Additionally, extracting methods of these minerals risk worsening their delicate environment, but new opportunities for supply and mining reside in African countries, where the effects of climate change are already putting a strain on populations and at-risk countries. While there is significant potential for African countries to replace China as the source of rare earth minerals, the possibility of a new resource competition brings back nightmares to a continent that has been a historical target for resource exploitation among great powers. This potential new scramble for African-based resources builds on a fragile and at-risk territory where climate change is already increasing the prospect of conflict and instability. This intersection between conflict and resource competition could revitalize the initiative for humanitarian interventions to salvage and protect populations in areas where great powers seek to establish dominance over resources. In this respect, climate change could fuel a never-ending cycle of disaster, political instability, resource competition, and war that could easily spill over into a new controversial campaign of military interventions. After all, if a humanitarian intervention derives from the moral imperative of more powerful countries to protect the most vulnerable, the most culpable countries for global emissions and climate change should also be responsible for protecting the victims of their climate exploitation from related consequences, including conflict. This old rhyme should prompt a thorough reflection in the United States which cannot afford another decade of resource-consuming humanitarian interventions, especially if it wants to preserve its global leadership.

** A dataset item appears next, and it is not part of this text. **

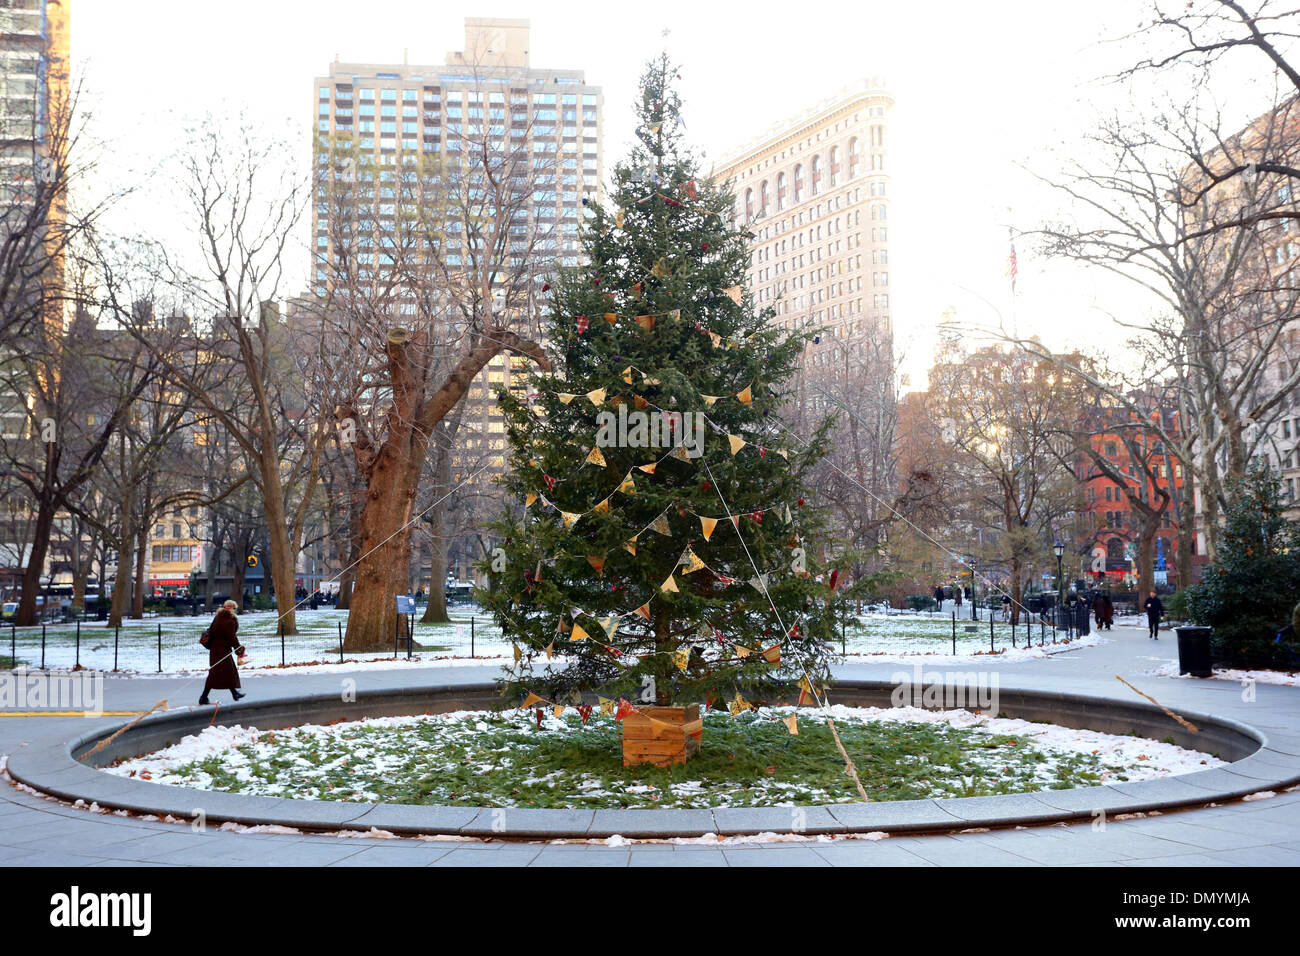 A Christmas tree in Madison Square Park, New York City Stock Photo

However, it is hard to see how the United States will protect its renewed financial commitment against climate change in the face of Chinese competition. Ultimately, the intersection between climate-driven interventions and resource competition could lead the United States towards policies for which the military is ill-equipped to implement. The adaptive measures that the military is taking to fight in climate-challenging environments only look at operational and tactical preparedness. A strategy equipped to fight only the symptoms of climate change—rather than its causes—will only make humanitarian interventions more likely.